The designers of the file format over the wire knew that it would not be perfect at their first attempt. The first decision they took was that the transmitted file’s first letter would be “A” for this version.
Why were email style headers not used in the beginning?
Many people might ask that why email-style headers were not used initially, though it was later used for HTTP. The key reason for not doing so was that many of them did not have any exposure to such protocols during that time. The author admits that even he got to know about Internet Protocol after receiving a copy of a workbook two years later. It was because of the USENET that he was aware of such protocols.
The designers instead chose the minimalist style, which was influenced by the seventh edition of Unix. Had they been aware of the Internet that was known as ARPANET those days, they would have avoided it deliberately. A shell script was the first version of their code. They felt it was easier to deal with complete lines as single entities. Also, continuation lines, optional white space, and parse headers, which enabled arbitrary case was definitely simpler.
Issue of duplicate articles
They also had the issue of how to handle duplicate articles. The designers felt that an article ID was an absolute necessity so that duplicate detection would be allowed. At that time, they decided to have the article ID as the remaining part of the 1st line after the letter A.

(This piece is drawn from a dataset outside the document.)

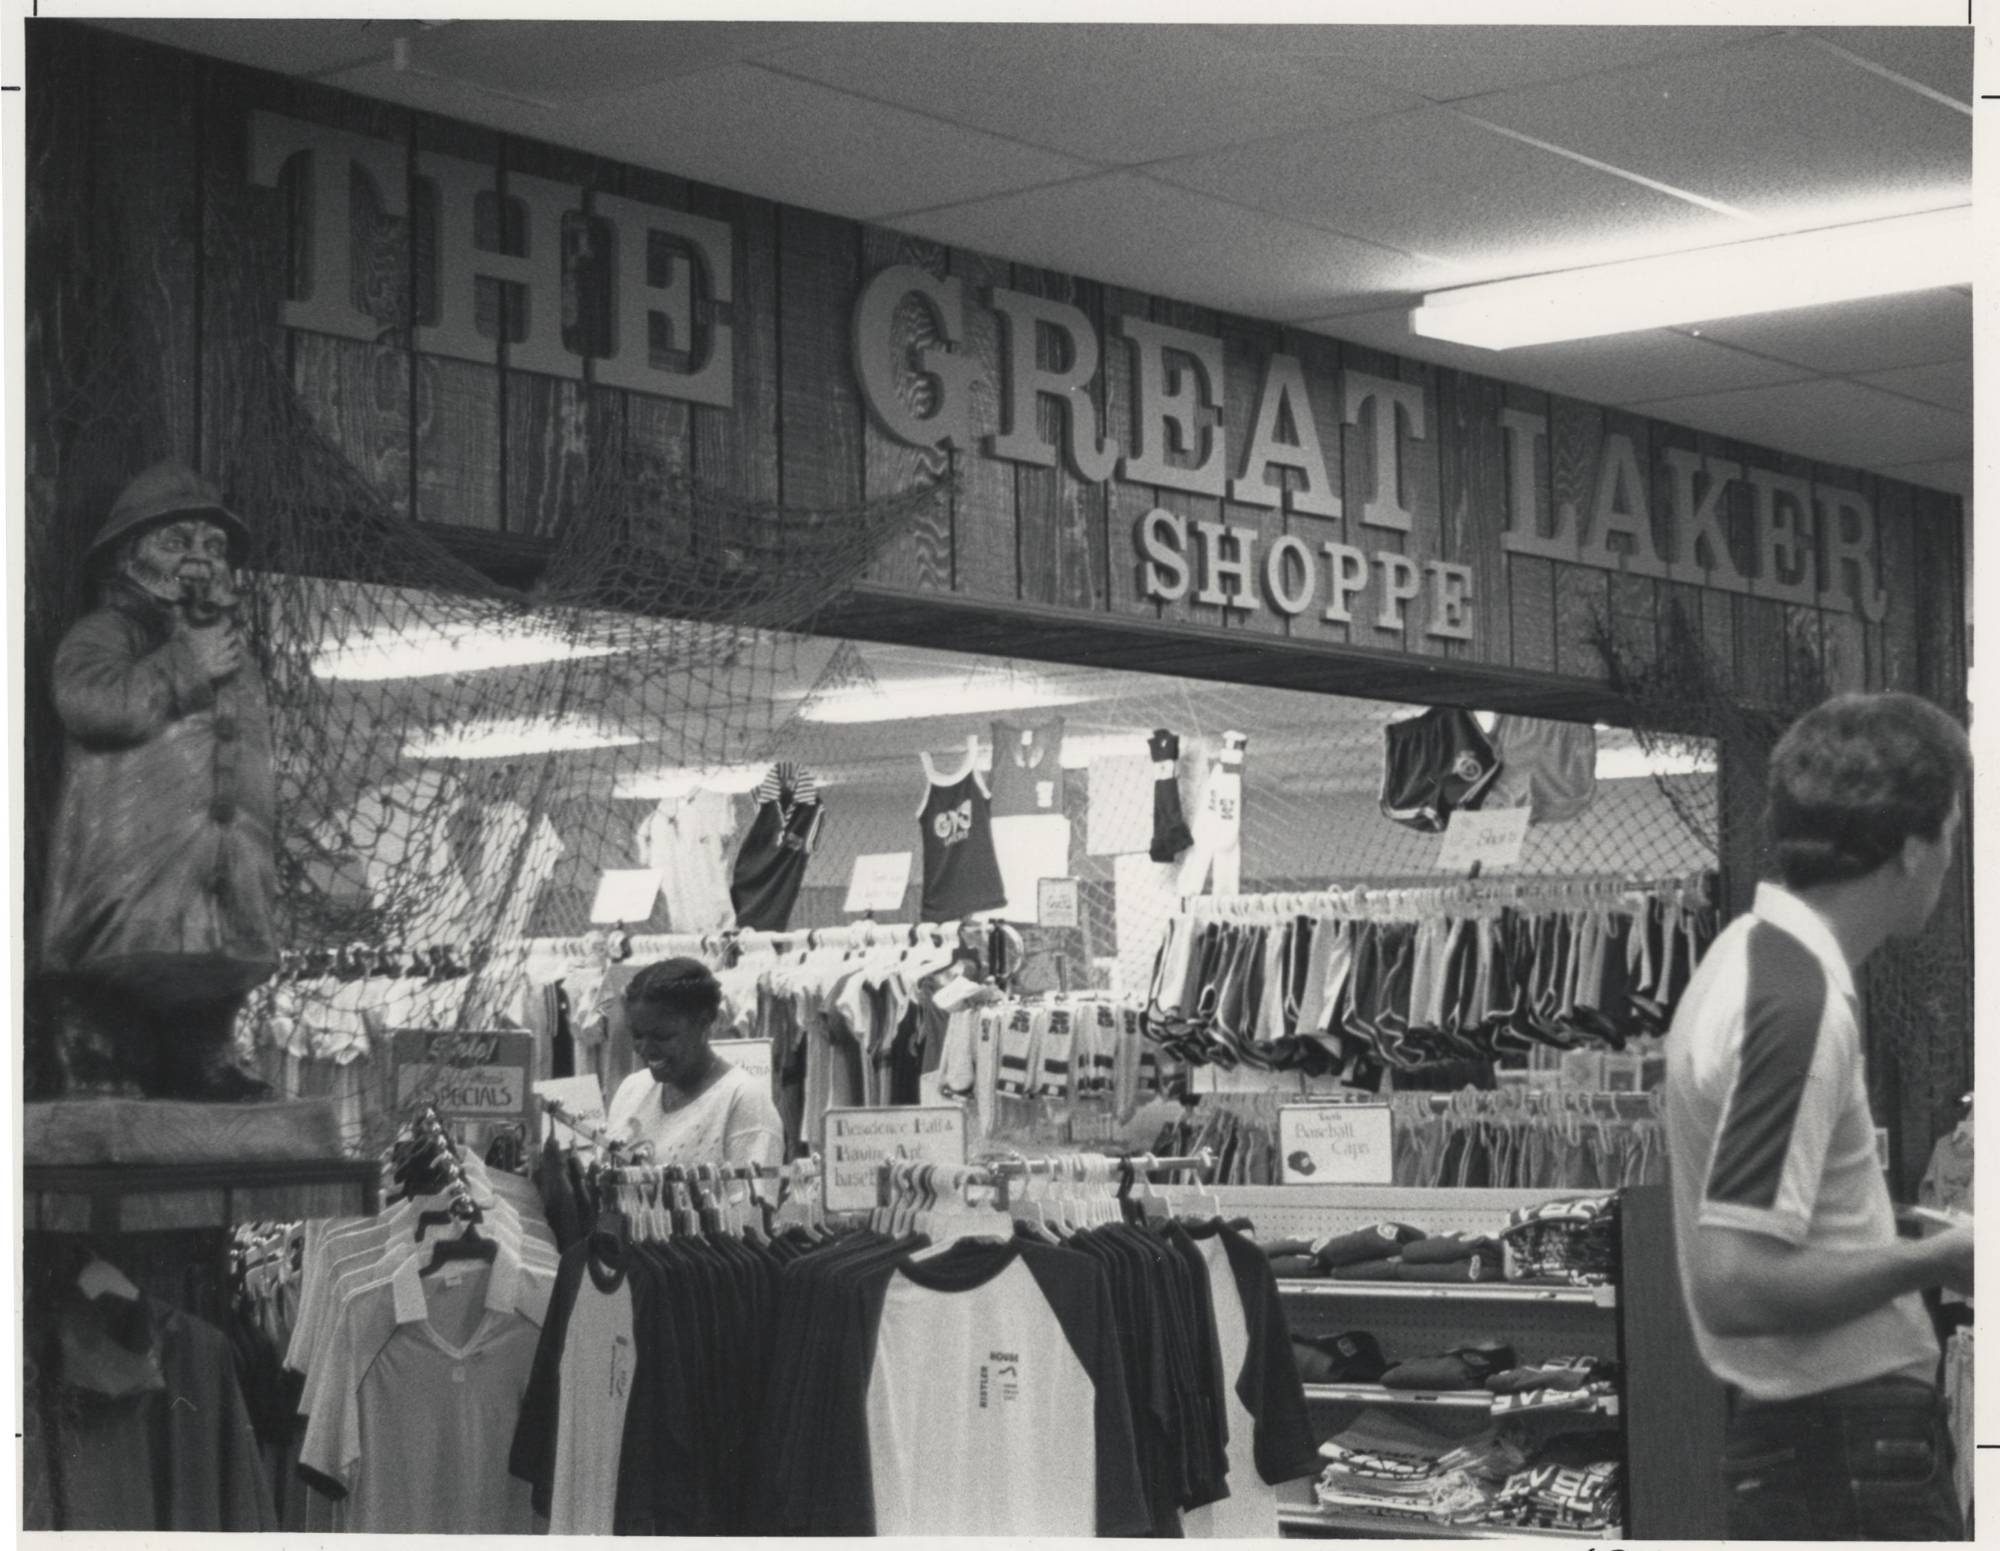 Campus Center bookstore, The Great Laker Shoppe

The designers also wished to minimize the costs for transfers. At that time, article transmissions were carried out by costly, dial-up connections. So, transmitting a file that was not required also required them to spend a lot of bucks. As such, articles then had to have a series of systems to indicate that the article was already seen.

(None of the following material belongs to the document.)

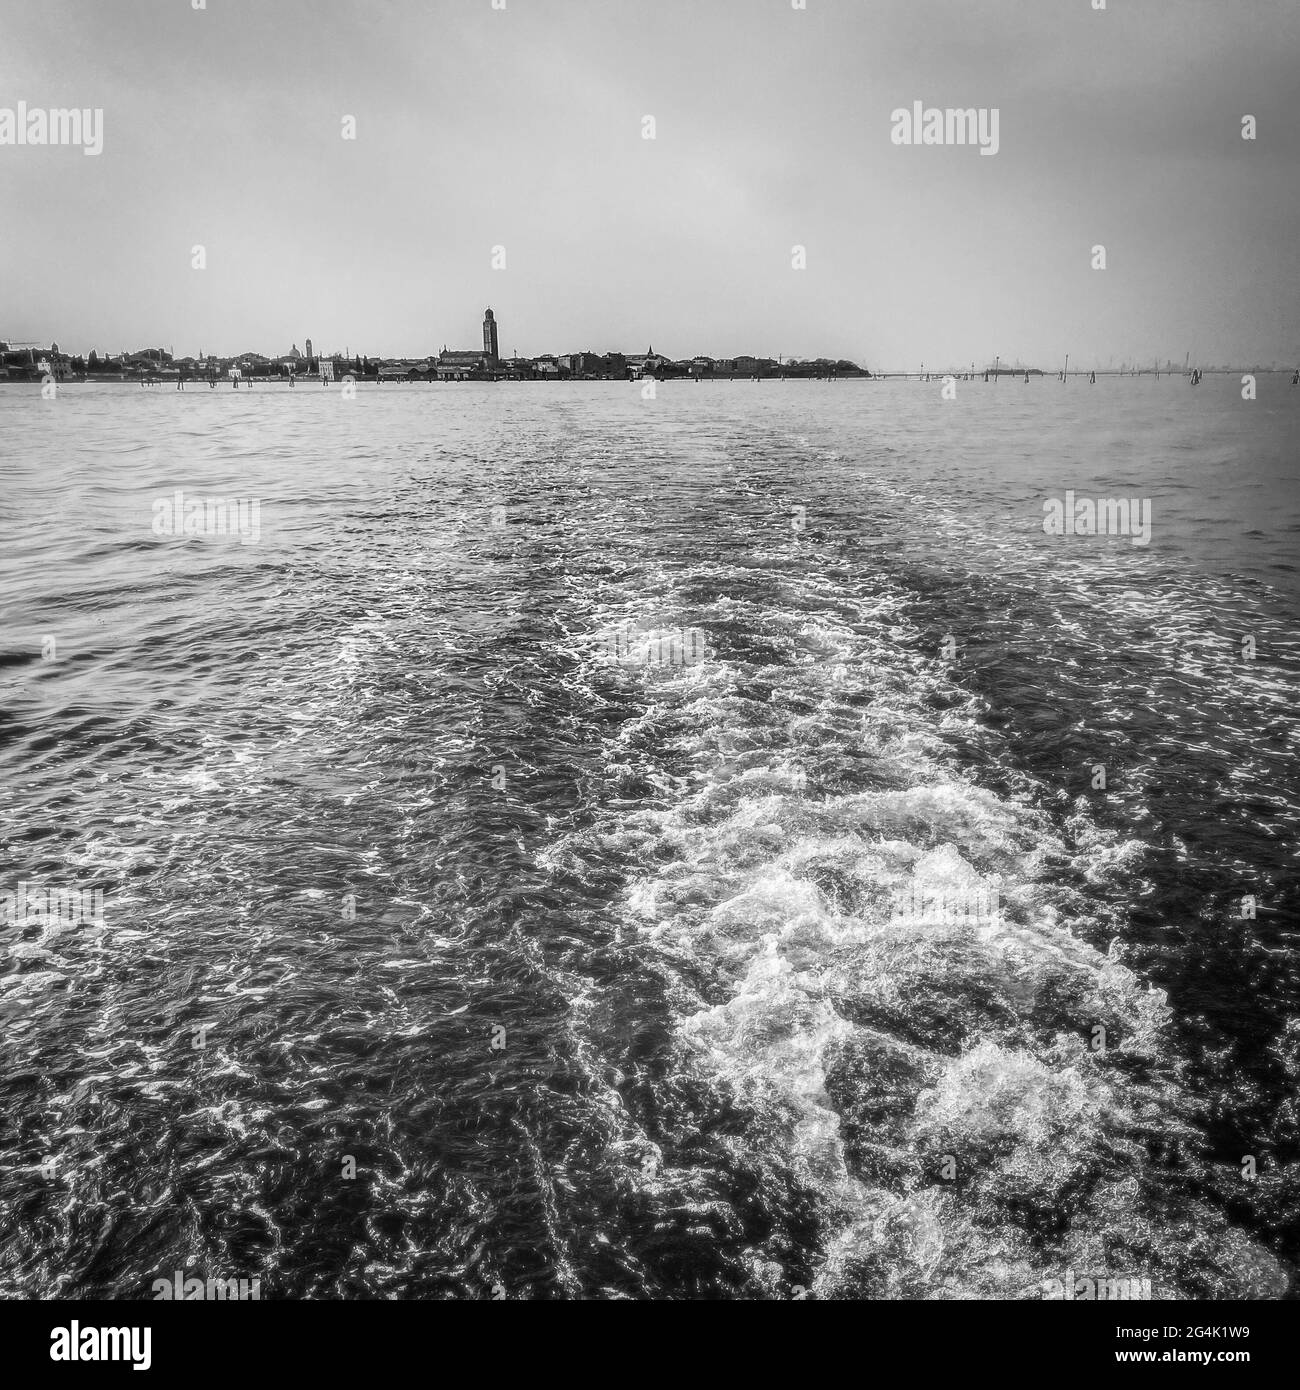 The lagoon view from a boat taxi leaving behind it Venice, Black and white photography Stock Photo

This information comprised a string of hostnames and exclamation points that separated them. The last element was the user’s login name who posted it.
A pertinent question could be why that particular format was chosen rather than something like blanks or commas as separators. The format chosen by the designers was used by UUCP for email.
Today, the scenario has changed entirely as there is full connectivity over the web. Things are no longer done in the same way. Rather, a party would transmit a series of article IDs. The party would then ask for the ones that have not been seen.
It is interesting to note that the designers had contemplated something of that sort but then decided to reject it. After all, they were using dial-up connections that were infrequent to relay articles. Alternatively, the count of loops and as such, duplicate articles received did not appear to be high.
In the original scheme of plans, the Duke would poll several sites once per night. If Duke sent a list of articles to the sites during that call, they were not allowed to request for it until the succeeding night. Also, they would not get those articles until the following night.
However, such a delay was not acceptable. The designers instead decided to have the possibility of transmitting unnecessary text. There would be some additional transmissions on certain occasions. However, it was felt that such a volume would be acceptable. It was an era before MP3 and JPG formats. So, we are talking about only text articles. Thus, these would be relatively tiny and inexpensive as well.
It was obvious that the article’s title and date would also have to be sent. The library routines asctime() and ctime() were used to generate the time and dateline. The designers had made up their minds from the start that there was a requirement to have articles in multiple categories i.e. newsgroups. However, there was just a single relayed newsgroup called NET in the original design. There were no differences between various types of non-local articles.
Why was there cross-posting of articles?
Finally, there was one more interesting thing to note. They were aware from the beginning that some articles could be a part of multiple categories. Hence, they supported the cross-posting of articles in different newsgroups from the start. Although some people considered cross-posting to be impolite, the feature was intentionally included from the beginning.